Siguiendo el Rastro de las
Antiguas Tribus de Israel
¿Que está haciendo Dios hoy y que hará en el futuro con el mundo? He aquí como seguir el rastro de las antiguas tribus, a través de la historia, para comprender la profecía. Es como si Dios tuviese un portal en donde nos mostrara una guía hacia el futuro.
Por Randy Stiver

Las naciones de hoy en día empezaron como antiguas tribus--o grupos de tribus. En la actualidad muchos pueblos en África, Asia, Norte y Suramérica y otras partes, conservan su identidad como tribus.

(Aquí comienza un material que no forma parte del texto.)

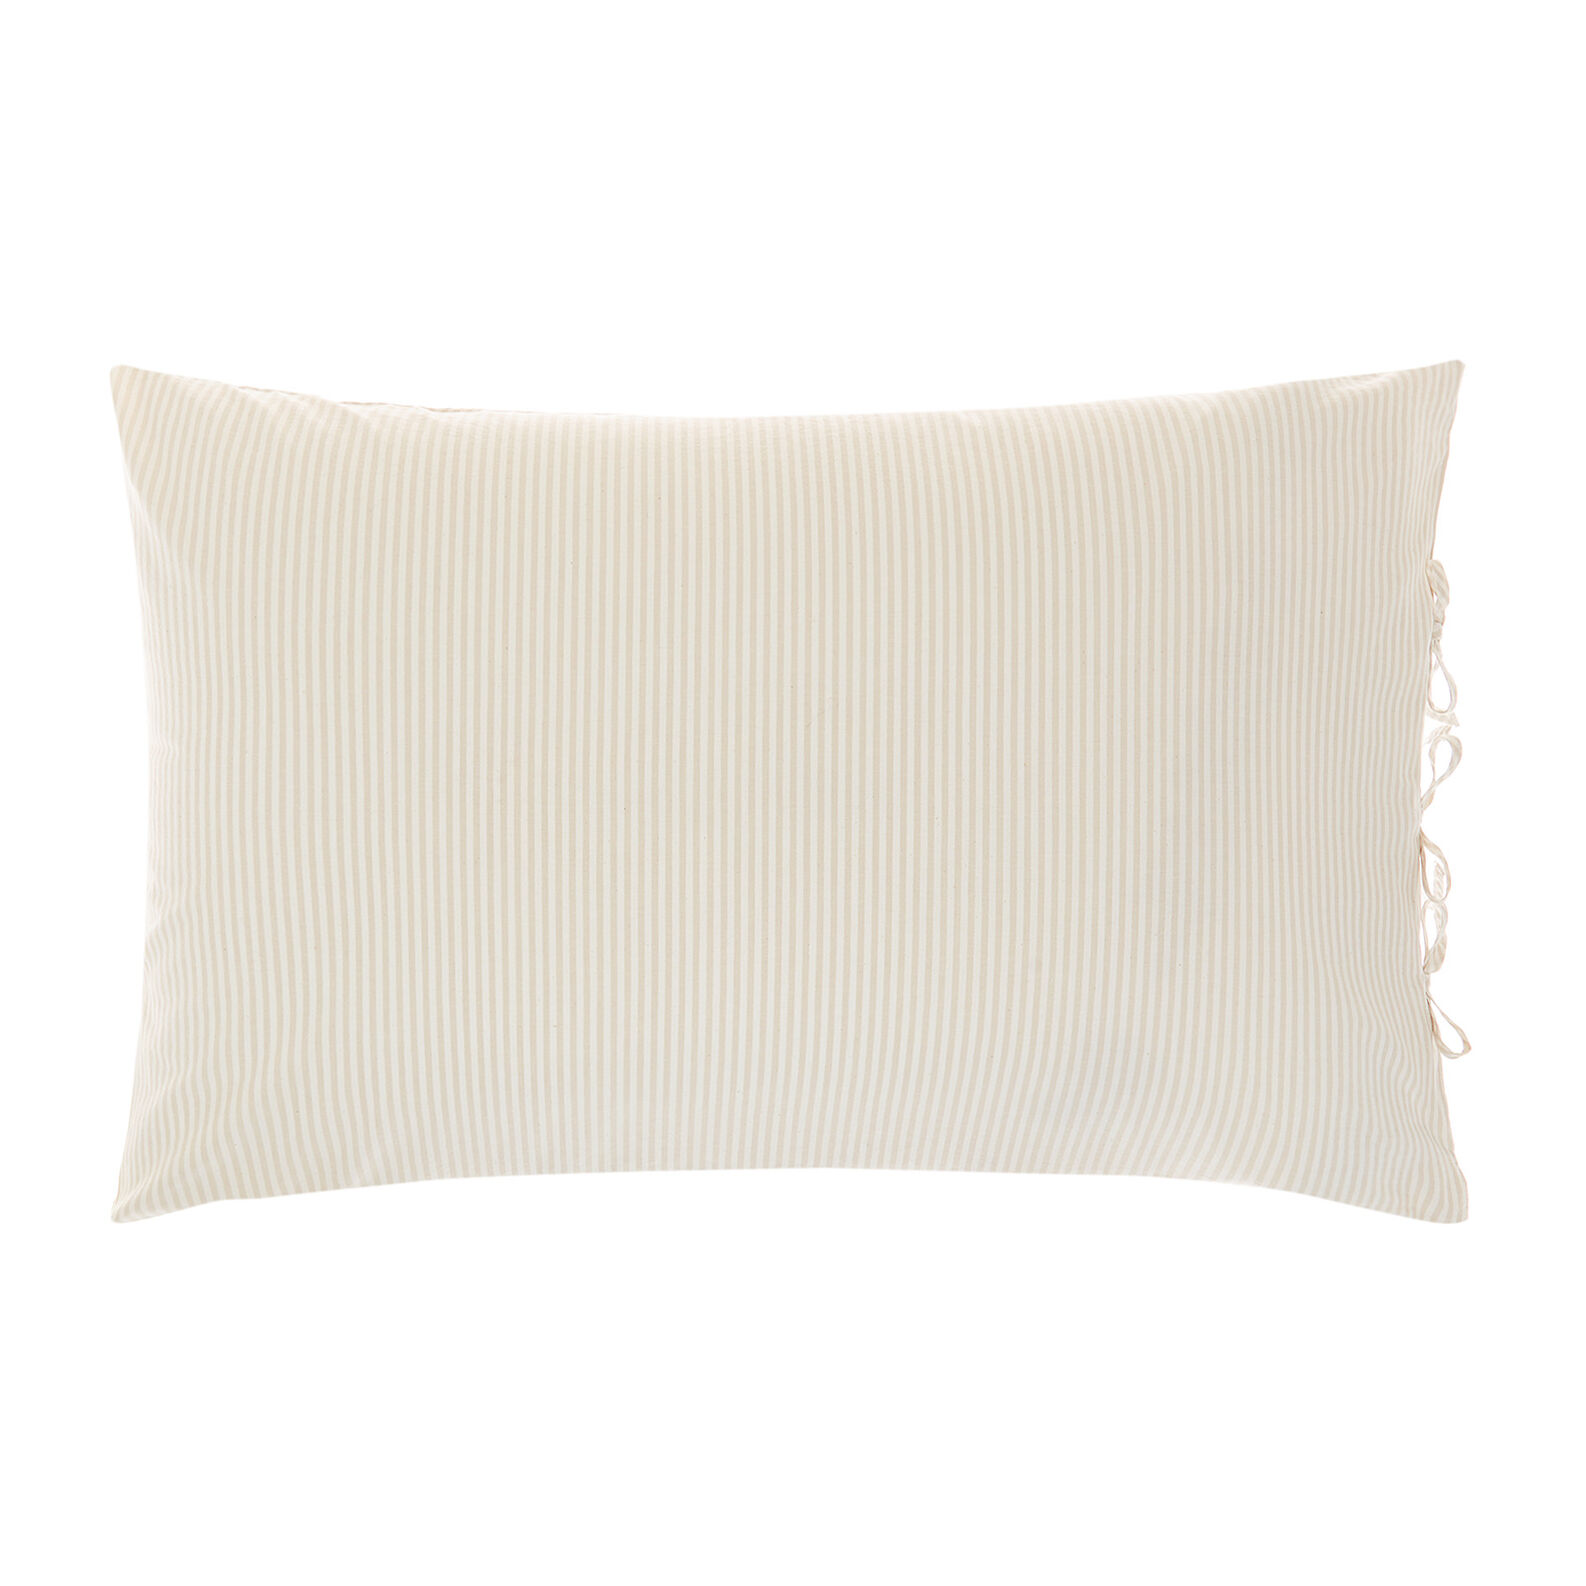 Yarn-dyed striped cotton pillowcase

Todos los pueblos y tribus vienen de una fuente humana—Adán y Eva. “Y de una sangre ha hecho todo el linaje de los hombres, para que habiten sobre la faz de la tierra; y les ha prefijado el orden de los tiempos, y los límites de su habitación” (Hechos 17:26). Dios estableció fronteras naturales.
Dios escogió una nación que sería un modelo para todas las demás naciones, empezando con el patriarca Abraham (Génesis 12), su hijo Isaac y su nieto Jacob. Dios cambió el nombre de Jacob por Israel y sus 12 hijos se convirtieron en patriarcas o padres de las 12 tribus de Israel.
Varios siglos después del Éxodo de Egipto, ellos existieron como una confederación de tribus en la tierra prometida, principalmente en el territorio del actual Israel. Alrededor del de 1050-930 A.C. Las 12 tribus fueron unificadas en una sola nación bajo los famosos Reyes Saúl, David y Salomón.
Debido a la desobediencia de Salomón, Dios dividió las 12 tribus en dos naciones: dos tribus en el sur formados por la casa de Judá (ancestros del pueblo Judío hoy) y 10 tribus en el norte conformadas por la casa de Israel.
La casa de Israel al Norte pecó revelándose contra Dios y adoptando prácticas paganas. Consecuentemente, alrededor de 740–720 AC. Dios permitió que Asiria les atacara, conquistara y llevara cautivos, deportándolos desde su tierra nativa hasta las fronteras al Norte y Noreste. Se convirtieron, entonces, en las “10 tribus perdidas de Israel”.
Pero estas tribus “perdidas” no desaparecieron. Si sabes lo que buscas, puedes seguir su rastro a través de los continentes y de los siglos, desde la época de Jesucristo hasta la formación de las naciones modernas al Noroeste de Europa, Gran Bretaña y sus antiguas colonias y hasta los Estados Unidos.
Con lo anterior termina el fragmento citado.